Snow and rain are supposed to be creeping into our area. The weather system is wreaking havoc on my joints and arthritis making my day pain filled. I’m curling up under warm blankets and going to see whether my fingers will work.
It’s like a weight – a large and heavy weight on my body – when the weather does this. Every joint feels like it is being pushed on, compressed really tight and at the same time pulled apart, like the pressure in the joint is so much the joints are going to explode.

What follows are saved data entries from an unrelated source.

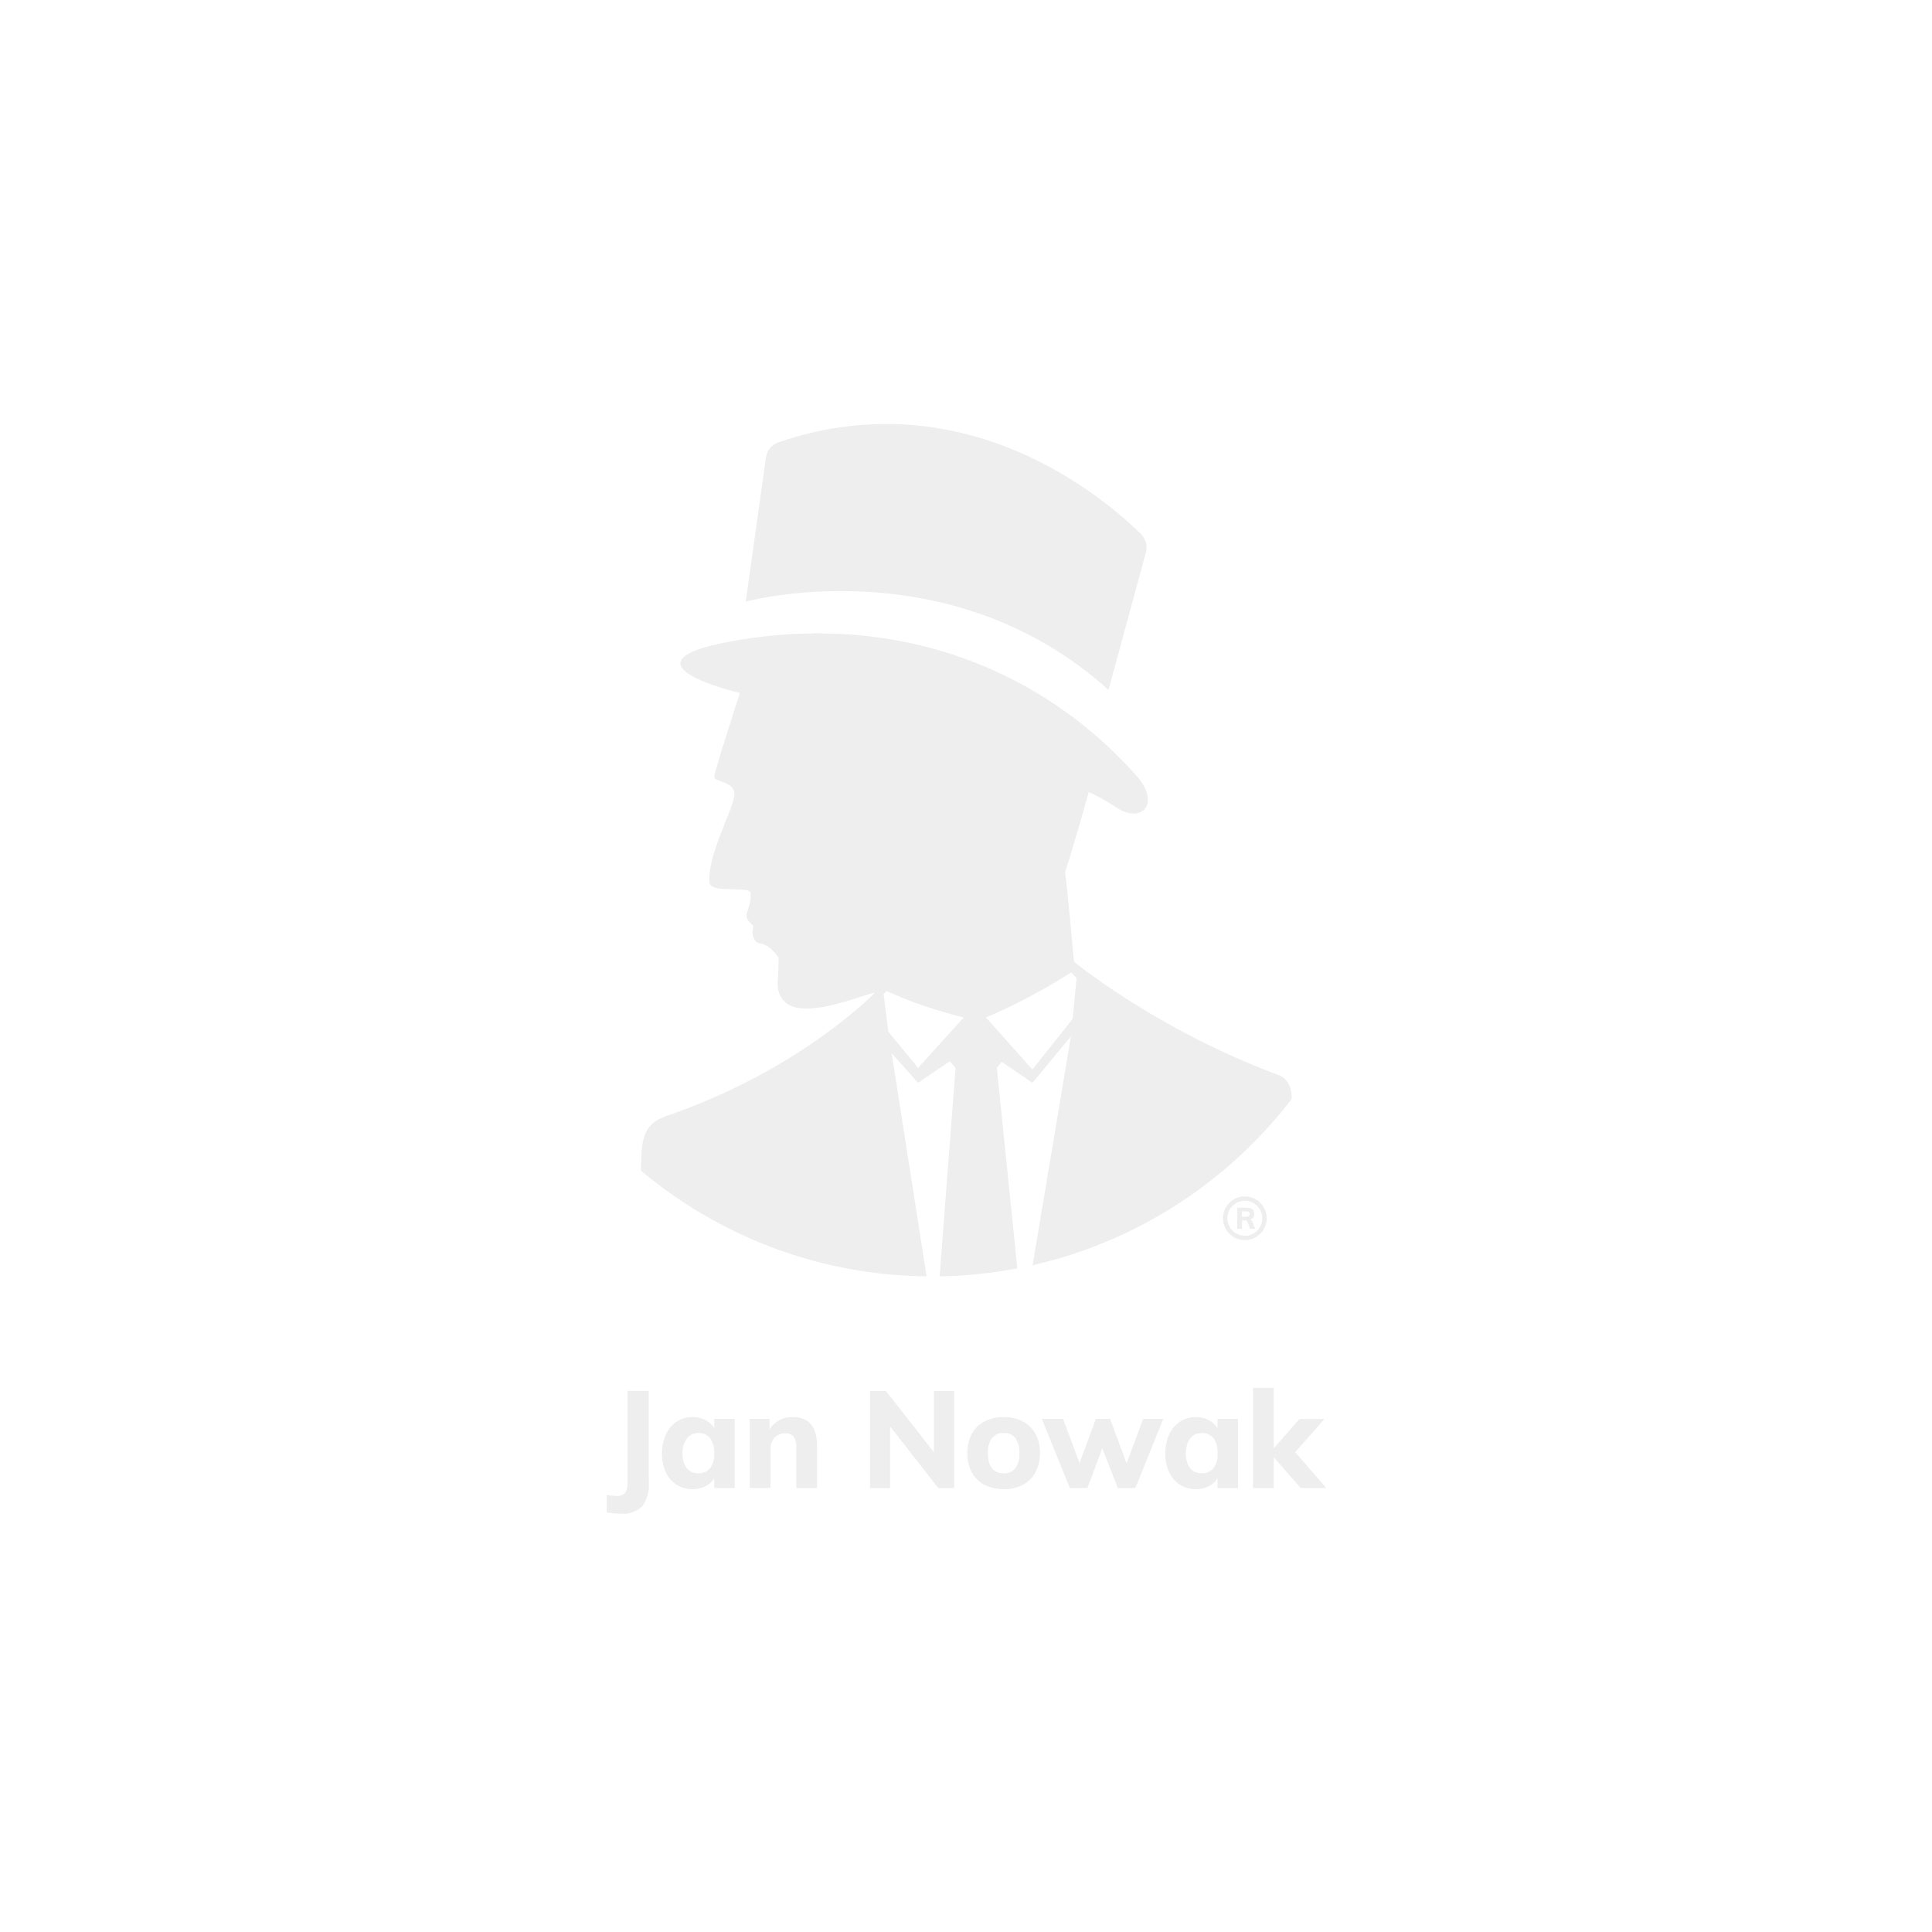 JAN NOWAK Modell JAN II (C001 II) Aktenschrank Büroschrank 185 cm (115 cm breit): Grau-Blau
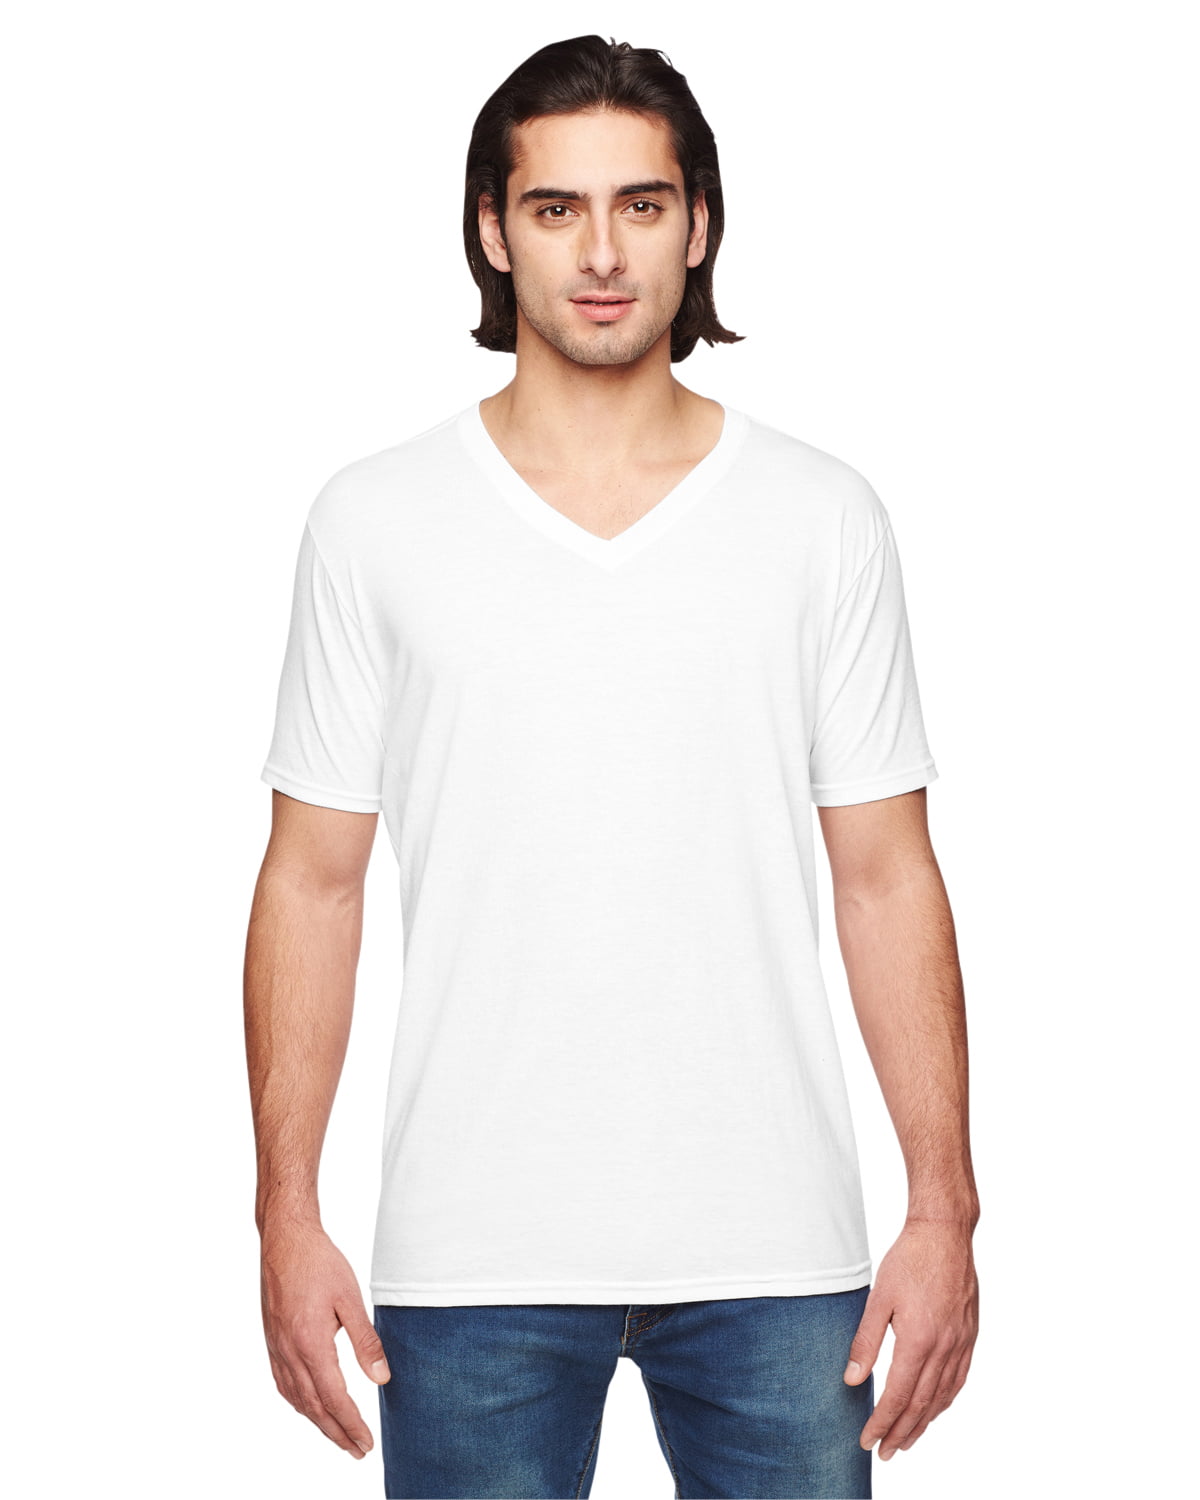 Anvil Mens V-Neck T-Shirt Fashion Plain Cotton Blank Summer Casual TOP Tee Shirt 
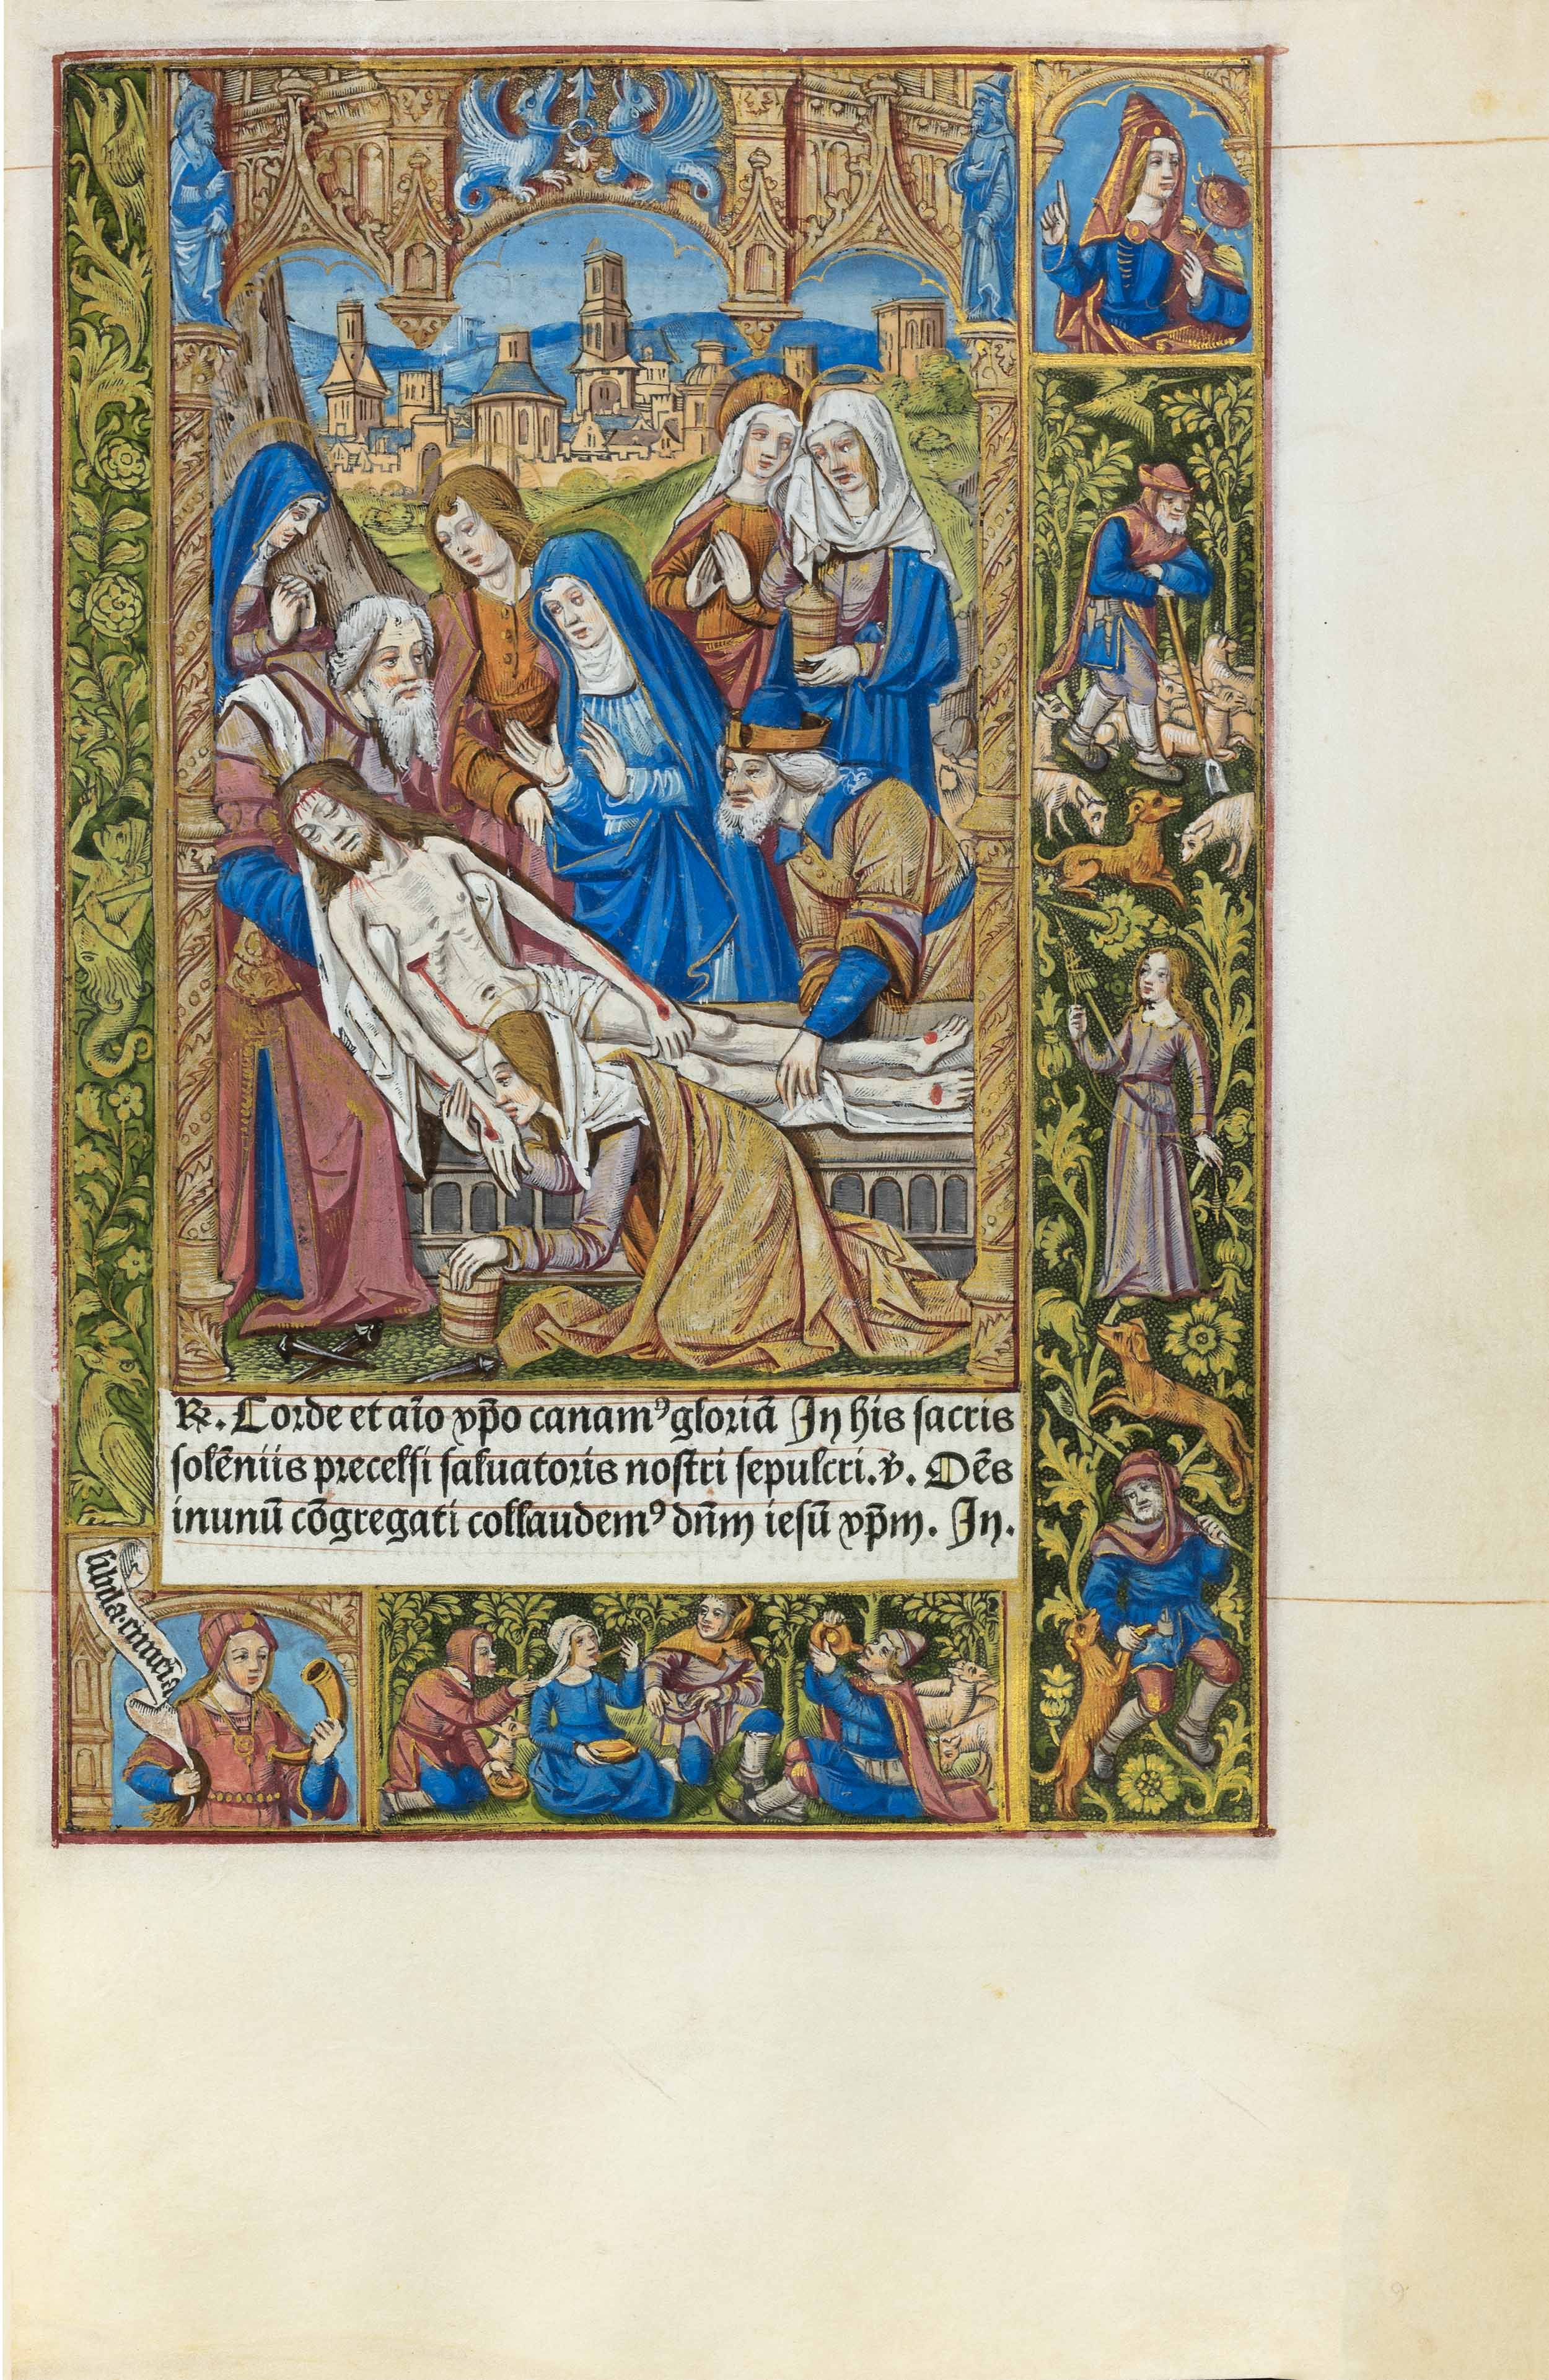 horae-bmv-16.9.1498-printed-book-of-hours-pigouchet-vostre-calixto crotus-illuminated-vellum-doheny-arcana-48.jpg

I’ve taken my drugs. The only other thing I can do is keep warm and rest. Sleep is the refuge which masks the pain. When the levels get this bad, all I want to do is sleep. Sometimes if I sleep for a little longer, I can get up and manage for the day but other times – like today – sleep is only an escape.
It is going to be a day to put on movies or tv show and curl up under warm, warm, blankets. While everyone is watching the skies for rain or snow to assault and make driving difficult. I’m going into a cocoon to try to keep warm and ease some of the pain.
Finished the JD Robb book – Devoted in Death. It was good, a little bland but overall good. I read a bit in Cast in Sorrow by Michele Sagara. However, it was raining last night and the sound of the rain, the thrum of it lulled me to turn out the lights early (for me) and go to sleep.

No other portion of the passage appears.